The COVID-19 pandemic has exposed holes in South Africa’s connectivity infrastructure – particularly high-quality fixed broadband Internet.
This has severely hampered the ability of many businesses and employees to keep working during the lockdown.
The need to improve fixed Internet connectivity in South Africa has thus become clear as South Africans are missing out on great opportunities due to insufficient Internet connectivity.
It is also clear that it is not enough to provide South Africans with any connection – it needs to be one that is equipped to deal with the vast range of technologies required by the modern tech citizen.
The benchmark for Internet speed deemed to be “fast” is a download speed of 30Mbps, according to the European Commission.
“In 2015, 71% of European households – but only 28% of those in rural areas – had access to a fast fixed Internet connection, “it noted.
“This is not enough to address the growing need for speed, quality, and reliability of the infrastructure necessary for the Digital Single Market.”
The US FCC defines a connection with 25Mbps download and 3Mbps upload speeds as having advanced telecommunications capability.
25-30Mbps is, therefore, the speed required to accommodate most daily Internet services and ensure that no one is left out of the full Internet experience.
By 2025, and as technology evolves, the European Commission envisions its 30Mbps benchmark rising to 100Mbps.
“All European households, rural or urban, should have access to connectivity offering a download speed of at least 100Mbps, which can be upgraded to Gbps,” said the European Commission.
Former chairman of the FCC Tom Wheeler has contested, however, that 100Mbps should already be the baseline when rolling out fixed broadband to new customers.
“We should try to build the optimal fibre solution first before funding alternatives,” said Wheeler.
“And, regardless of technology, a condition of federal money should be delivery of at least 100MBps in the new construction of Internet infrastructure.”
If South Africa does not keep up with the rest of the world in terms of high-speed fixed Internet, particularly in reference to the metrics provided above, it will be left behind in the modern Internet revolution.
Fixed Internet penetration is currently insufficient
While mobile Internet products have their place, they are not as reliable as a fixed Internet alternative.
“Mobile broadband service is not a full substitute for fixed service.
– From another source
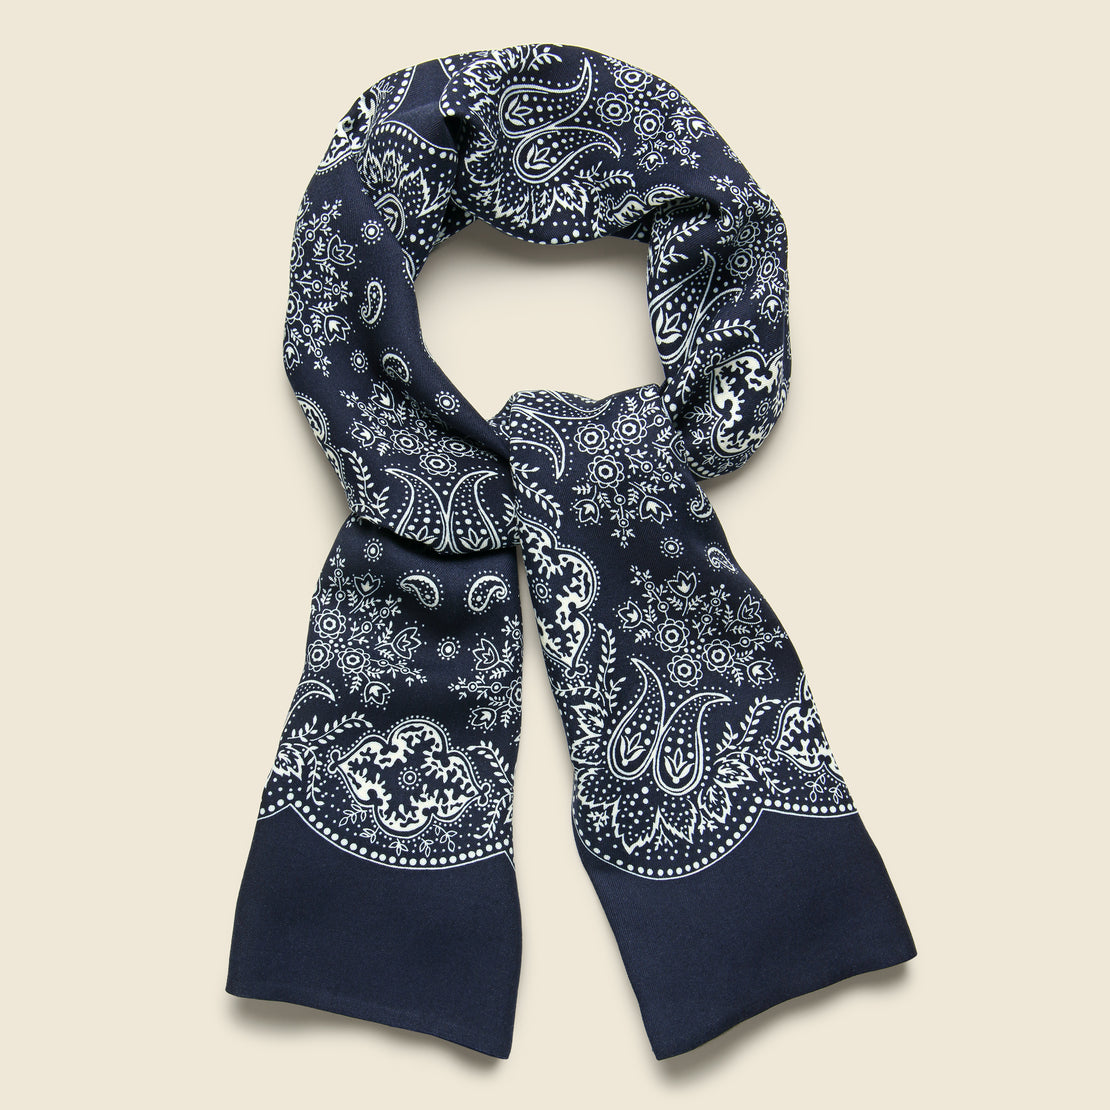 Mayfair Scarf - Navy/Cream - RRL - STAG Provisions - Accessories - Bandanas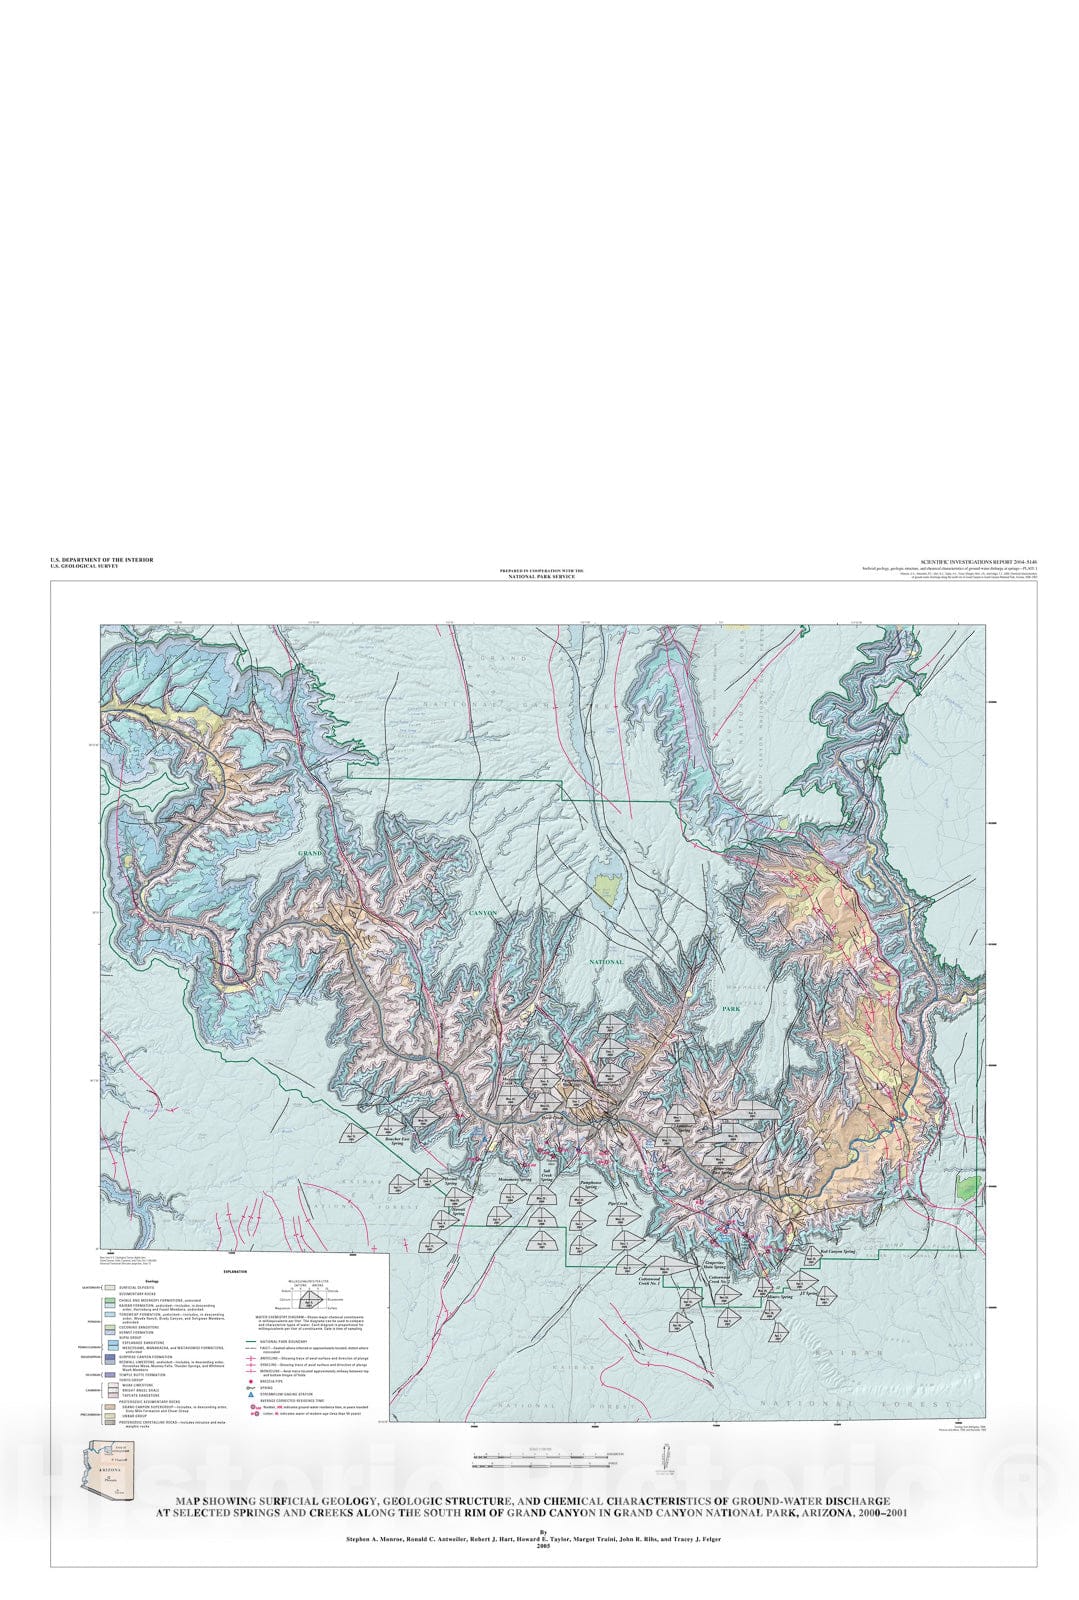 Map : Chemical characteristics of ground-water discharge along the south rim of Grand Canyon in Grand Canyon National Park, Arizona, 2000-2001, 2005 Cartography Wall Art :

Instead… there are differences between the two technologies, including clear variations in consumer preferences
and demands,” confirmed FCC chairman Ajit Pai.
Unfortunately, the expansion of fixed Internet in South Africa has been slow – particularly when compared to the adoption of mobile Internet solutions.
The SA Connect government project has been marred by regular delays and missed targets.
In October 2019, the Department of Communications and Digital Technologies (DCDT) said it would be working with the Development Bank of Southern Africa (DBSA) to determine a feasibility study and explore cost-effective and sustainable models.
Independent analyst and researcher Dr Charley Lewis said it is important that the DCDT does not see itself as the entity that needs to implement these models.
“That’s the job of the private sector, with the appropriate regulatory incentives for market-led rollout, coupled with support from the USAF [Universal Service and Access Fund].”
Lewis noted that this should take place “either in the form of once-off smart initiation subsidies or through long-term support programmes for those areas and individuals the market is unable to reach.”
Fixing the lack of fixed Internet access in South Africa will require every stakeholder to play their part.
This includes the government, which needs to work with the country’s major telecommunication operators to figure out the best strategy to accelerate the rollout of fixed broadband.
The benefits of fixed broadband
High-speed broadband – particularly fibre – offers major advantages both to South Africa as a whole and to each of its citizens.
By providing access to this technology, South Africa will ensure more of its citizens have opportunities to acquire ICT skills and knowledge, empowering these people to break the cycle of poverty.
Not only is this a life-changing experience to these people; it also accelerates growth in key areas such as job creation, entrepreneurship, and IT infrastructure.
The coronavirus pandemic has also changed the mindset of businesses with regards to remote working, as they have realised that this offers some major benefits to their productivity and financial status.
It is therefore the perfect time to invest in the infrastructure that will enable this new way of working.